Figure 3: The UC3C 32-bit microcontroller in a car audio application (top) and a door control module (bottom).
Many automotive designs have a fragmented functional architecture; there is a separate chip for USB, one for CAN, another for graphics, one for each audio decoder supported, and so on. A microcontroller such as the UC3C, with peripheral integration and extended processing capacity, allows an entire system architecture to be consolidated onto a single chip for a car audio application. When used in a door control module, it can include the functions for mirror positioning, window-lifter operation, LED backlighting with a dimming function for the indicators, and interfaces for different types of sensors and switches to control the window lifter and the mirror positioning. The interconnection to the vehicle network can be implemented through a LIN or CAN interface.
The integrated floating point unit (FPU) simplifies application development. The implementation of complex algorithms in particular requires less effort and the wider dynamic range maintains high precision. Implementing complex algorithms using 32-bit floating-point instructions not only increases system accuracy and efficiency, but can accelerate development as well. Many applications can benefit from the use of an FPU, including these door control and audio applications.
Infineon has a range of 8-, 16-, and 32-bit automotive-certified microcontrollers, which includes the 8-bit SAA-XC866-4FRA 5V BE
. This uses an XC800 core and is compatible with standard 8051 processors. It uses a two-clocks-per-machine cycle architecture for memory access with wait state. On-chip memory comprises 8 kbyte of boot ROM, 256 byte of RAM, 512 byte of XRAM, 4, 8 or 16 kbyte of Flash or 8 or 16 kbyte of ROM with an additional 4 kbyte of Flash.

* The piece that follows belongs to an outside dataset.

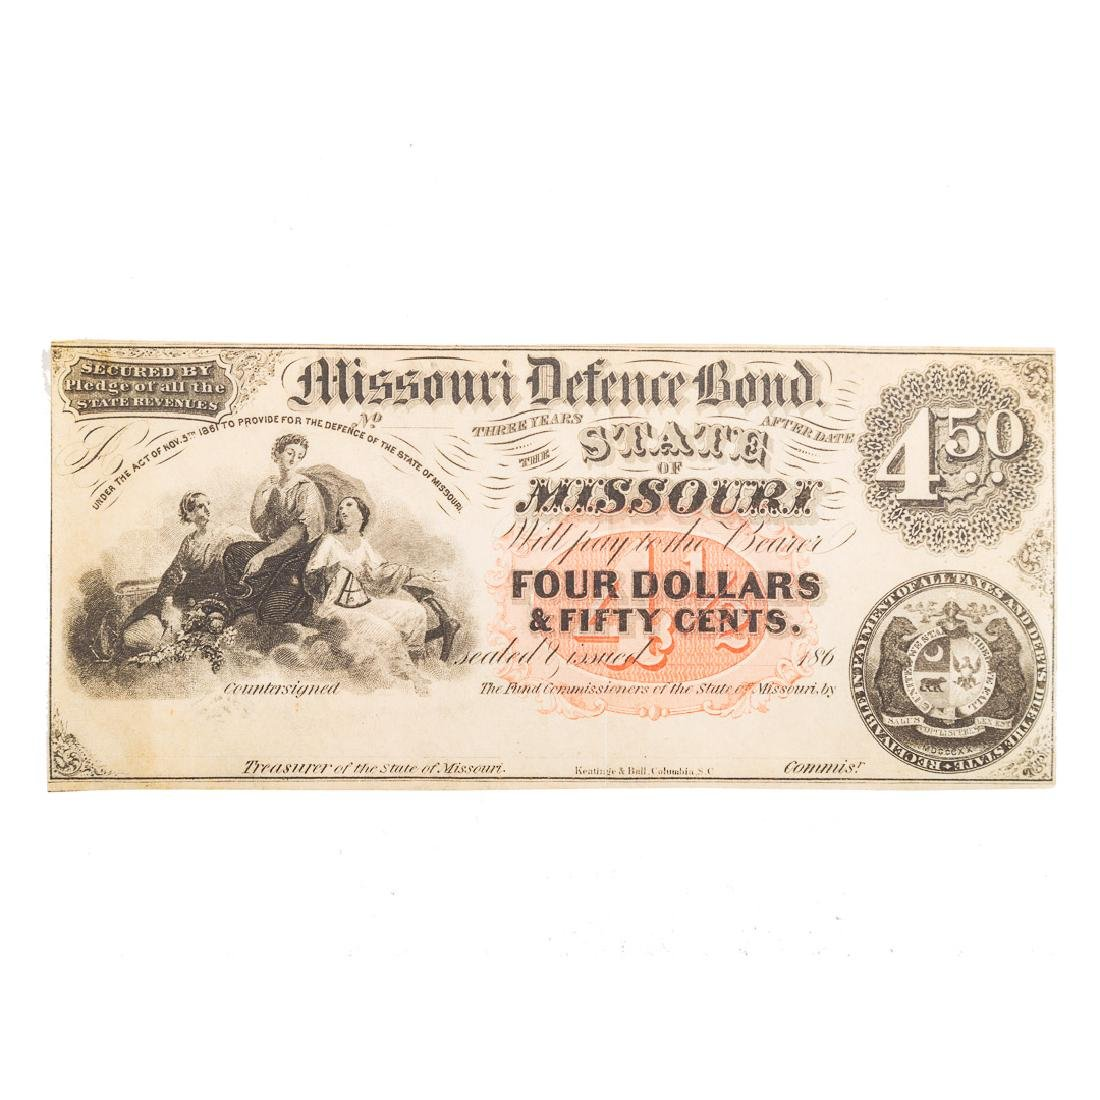 [US] Missouri Defence Bond $4.50 Remainder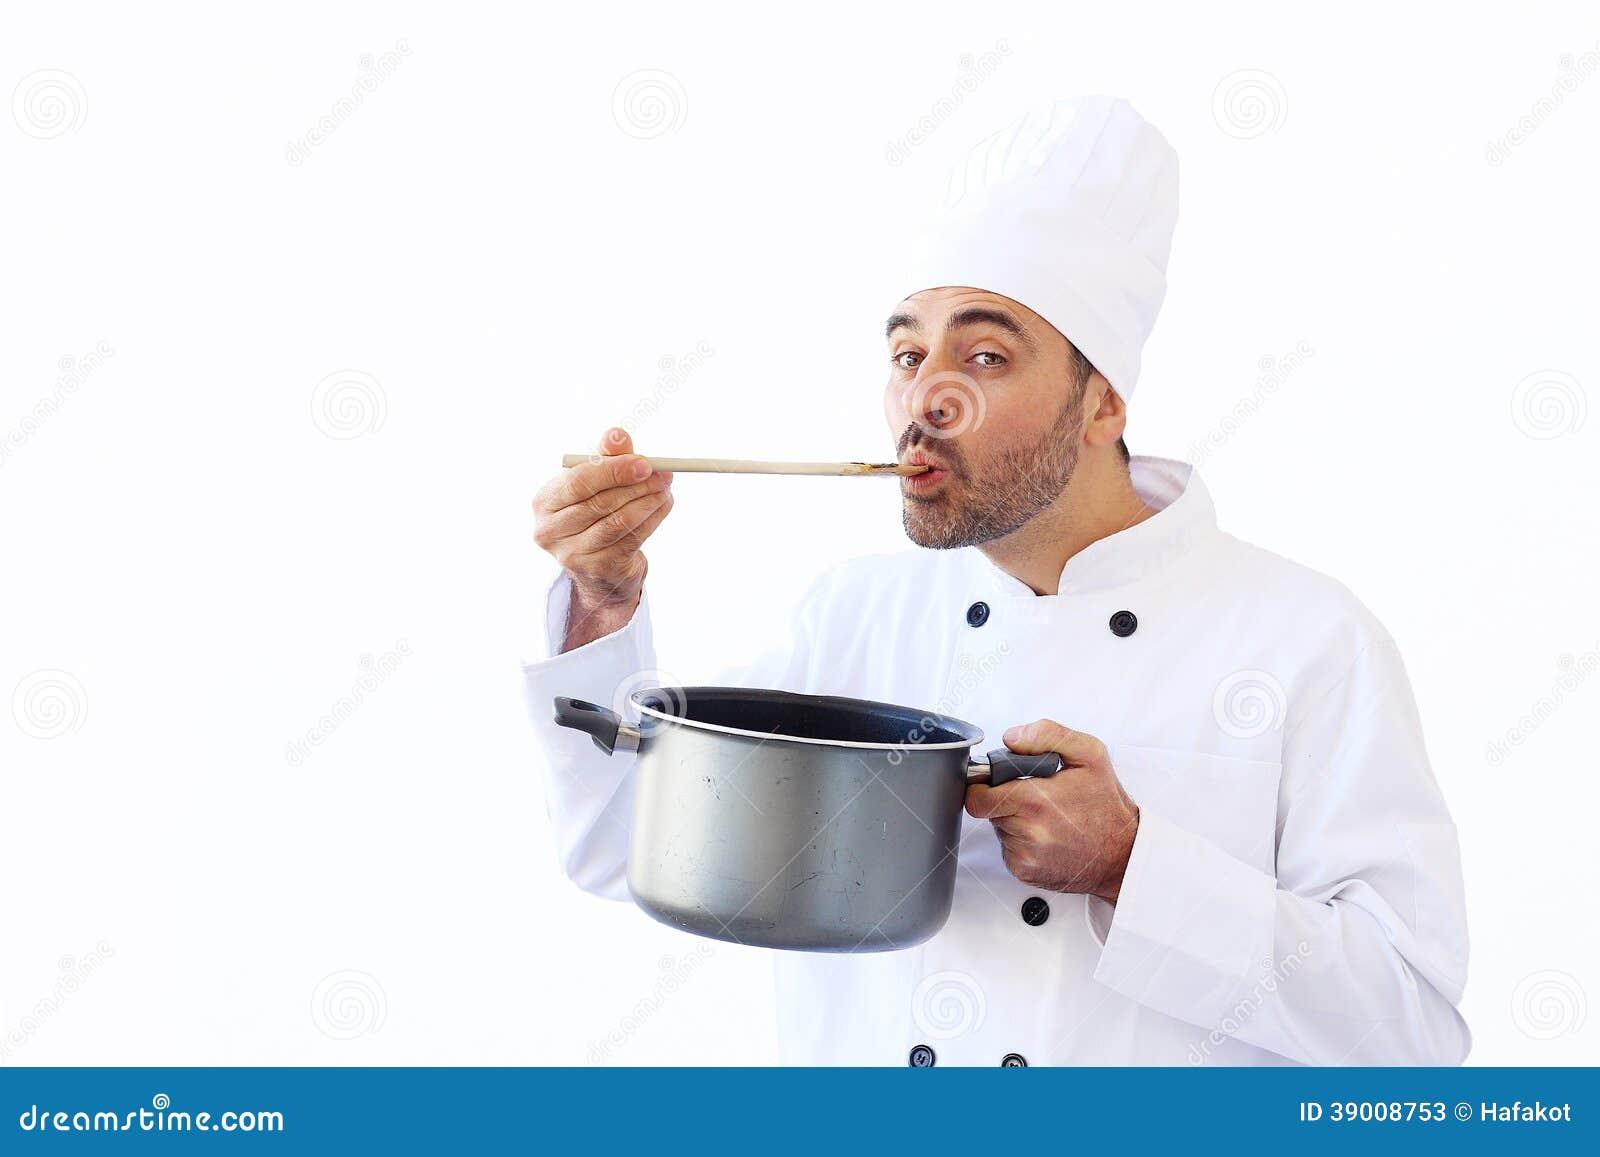 Gourmet Soup Kitchen

The high-temperature (up to +140˚C) operation of these devices makes them highly suitable for automotive applications such as engine close cooling fans, throttle controls, turbo chargers, water pump, oil pump, and lighting.
Figure 4: Infineon XC8xx 8-bit microcontroller in a fuel-pump application.
Figure 4 shows such a microcontroller in a fuel-pump application. This circuit also uses the BTN89xx
, part of the Novalithic high-current PN half-bridge family, and the TLEA46xx low-dropout fixed-voltage regulator. This circuit can be tailored to performance and budget needs by using different products in the XC8xx family. The benefits of the circuit include fuel savings of more than 1%, for example, from 160 g to 158.4 g CO2
/km. Hydrocarbon emissions are also reduced and the lifetime is increased. The company has also reported fuel efficiency increases of around 0.34 mpg.
The market for microcontrollers in automotive applications is growing rapidly. Each generation of vehicle relies more on electronics and the accompanying software. For example, the original Apollo guidance computer had just 2000 lines of code compared with ten million lines of code in an average car, and this is expected to increase by another order of magnitude over the next decade. As well as reducing fuel consumption, these microcontrollers are making cars more comfortable, increasing their safety, and helping entertain and inform the driver and passengers. The above applications are just a small sample of the way microcontrollers are providing local intelligence and control in modern vehicles.